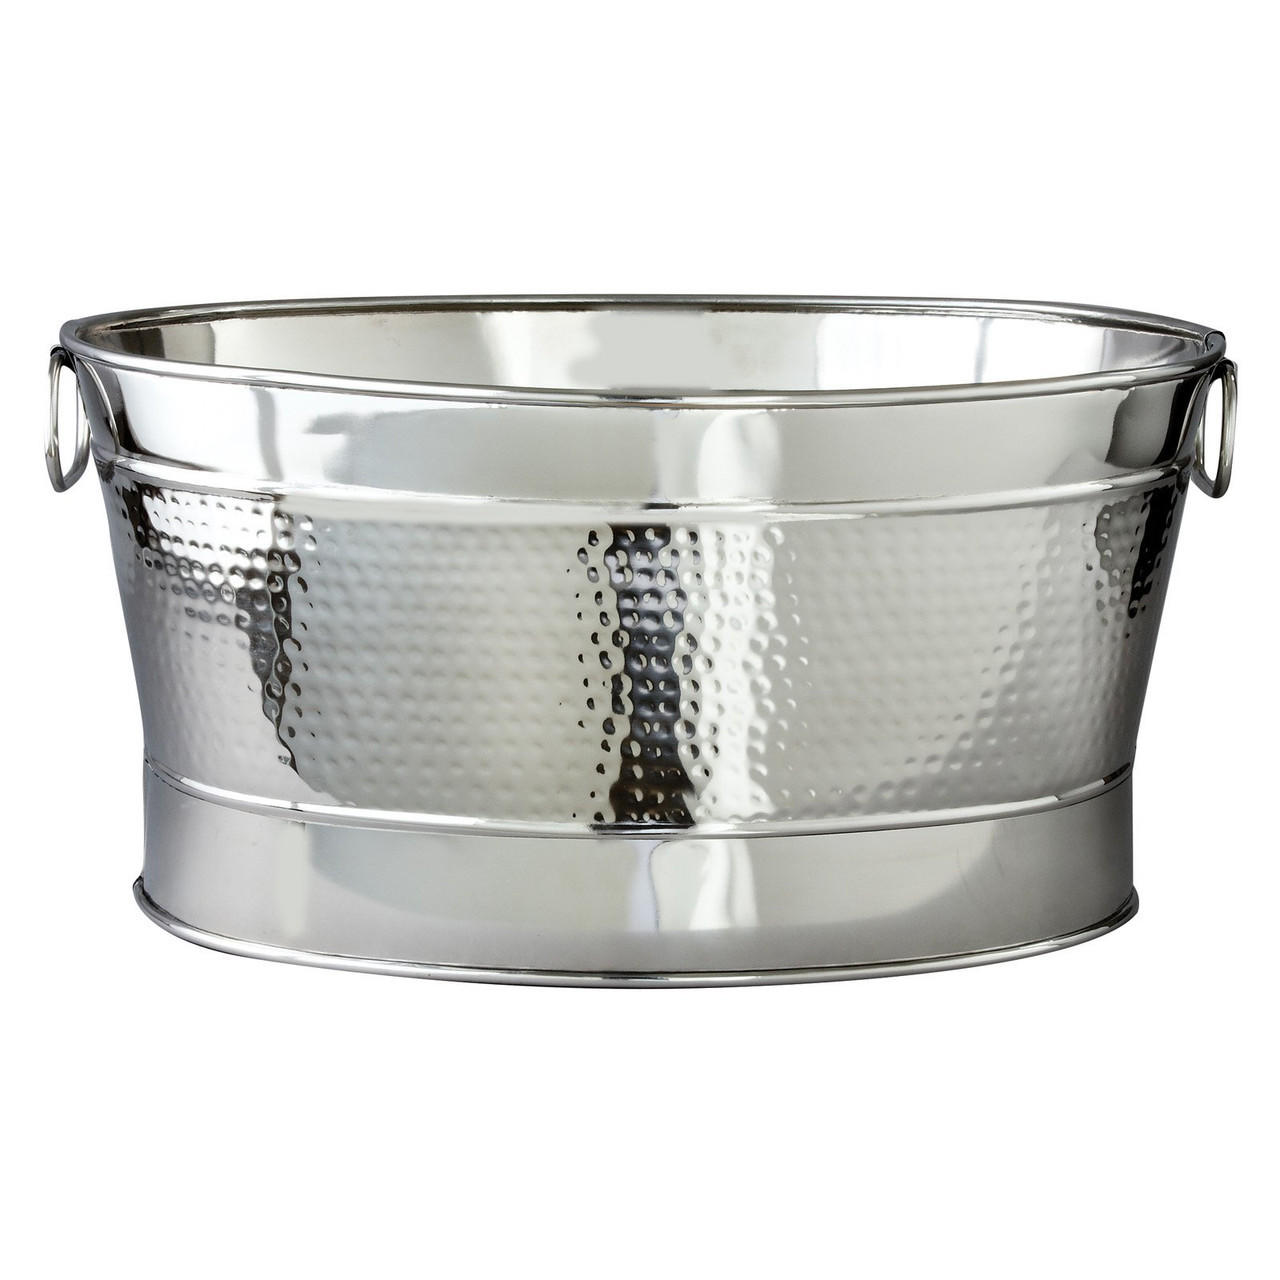  Holdinghausen-Weeks Hammered Oval Party Tub 
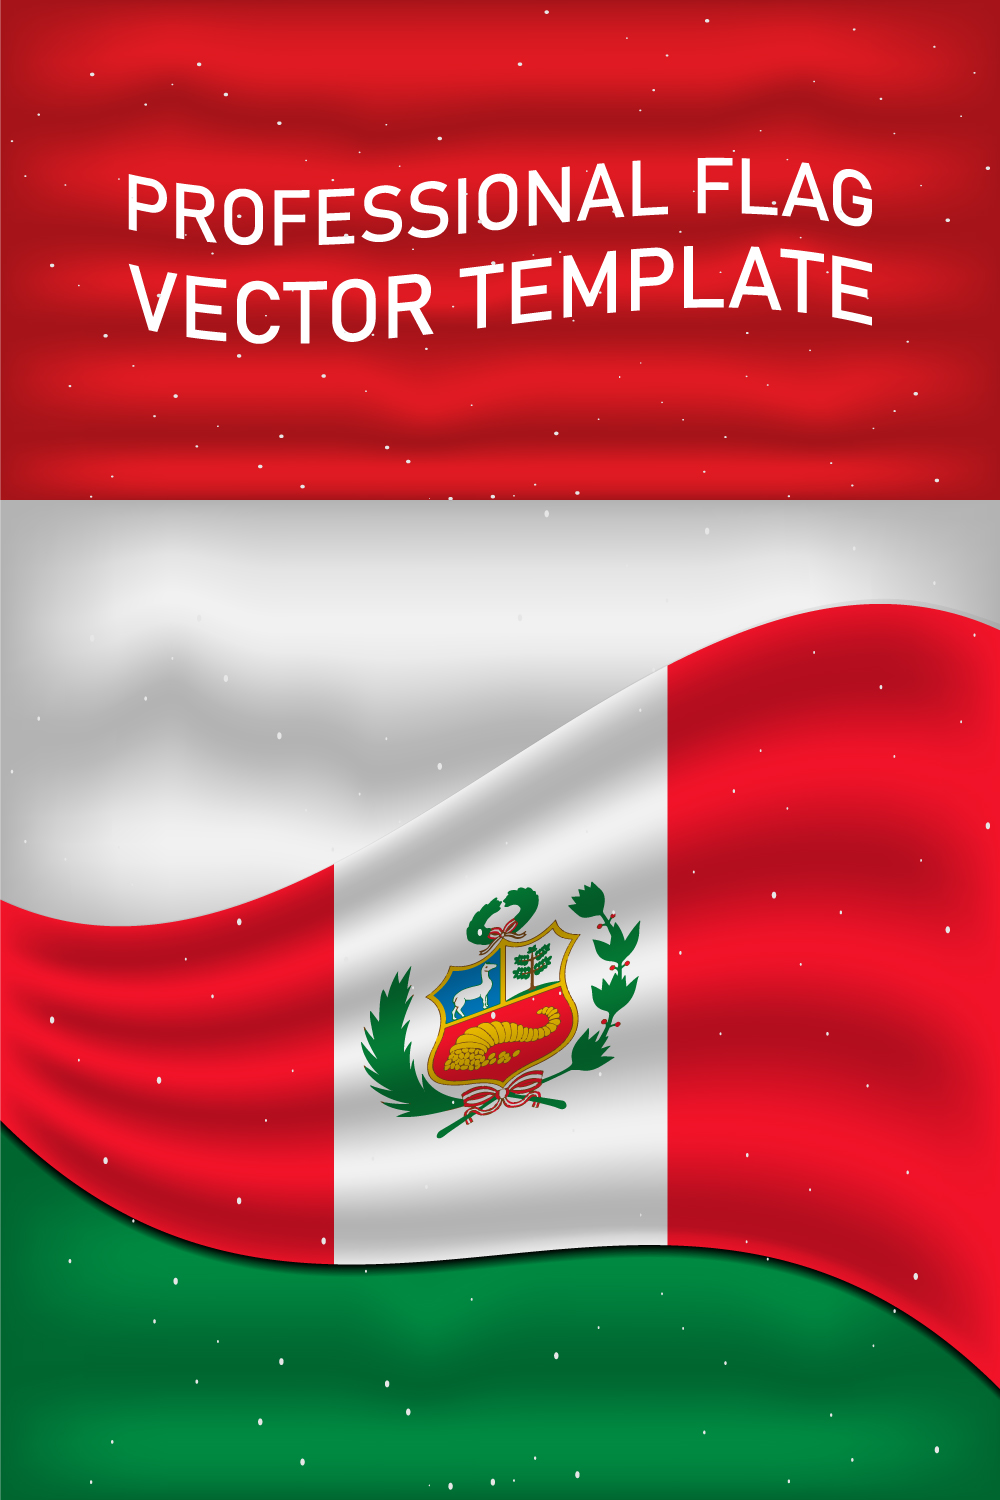 Irresistible image of the flag of Peru.
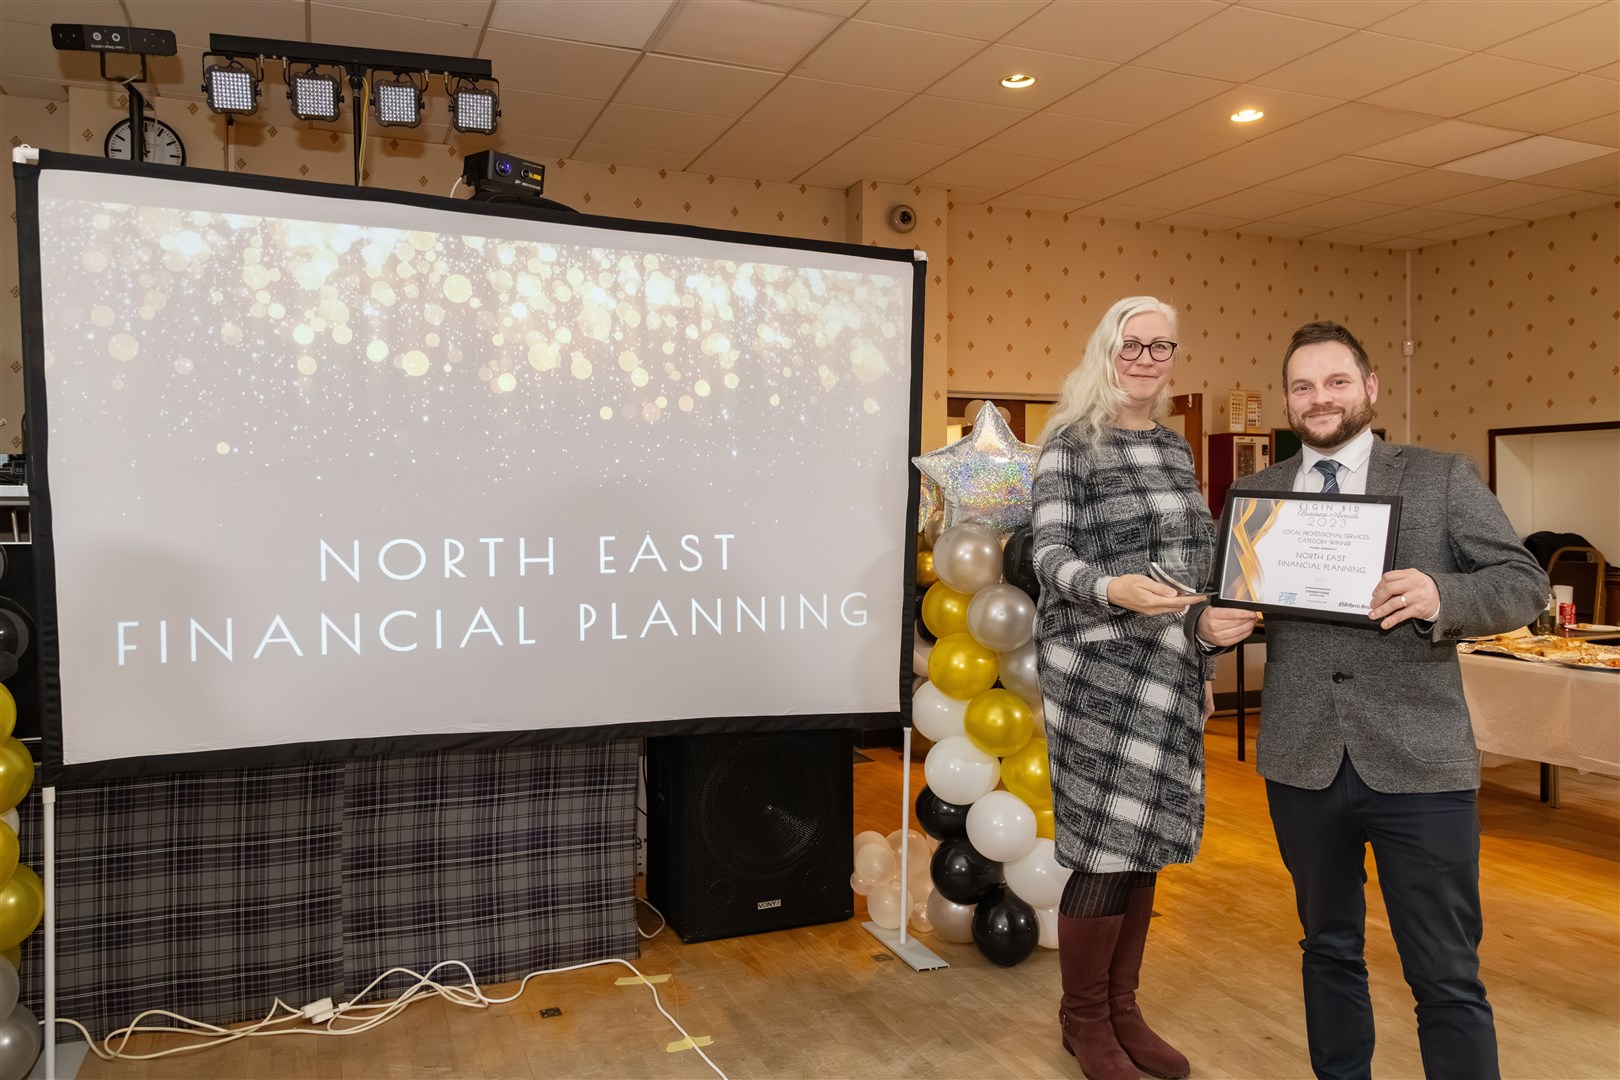 Lee Midlane presenting the local professional services award to North East Financial Planning's Darren MacDonald.
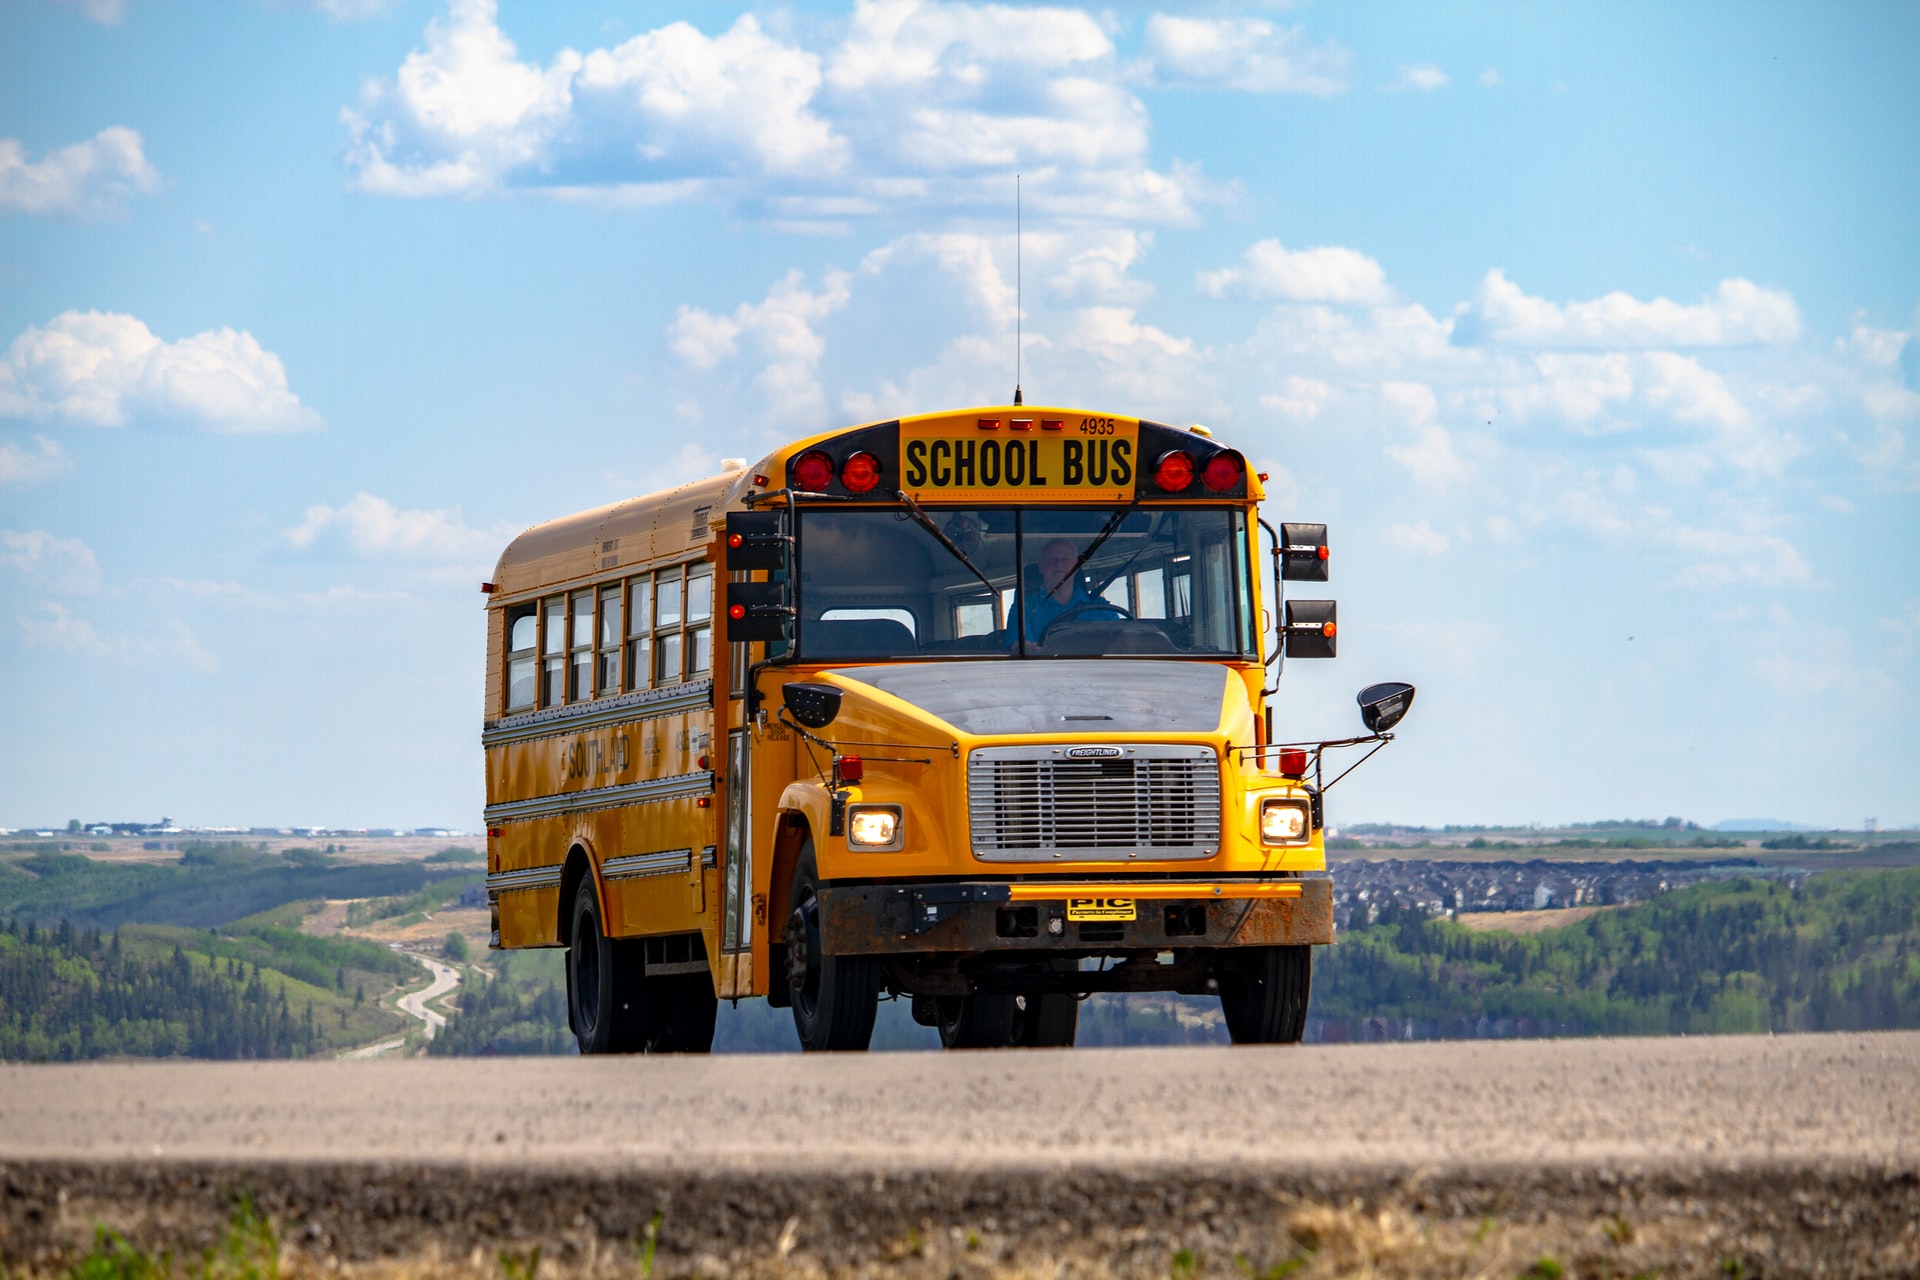 How Much Does a School Bus Weigh?

ACTION ITEM:
With pictures omitted, reproduce exactly the lines from the line containing "Lee Midlane presenting" through the end of the data above.

EXERCISE ANSWER:
 Lee Midlane presenting the local professional services award to North East Financial Planning's Darren MacDonald.
 How Much Does a School Bus Weigh?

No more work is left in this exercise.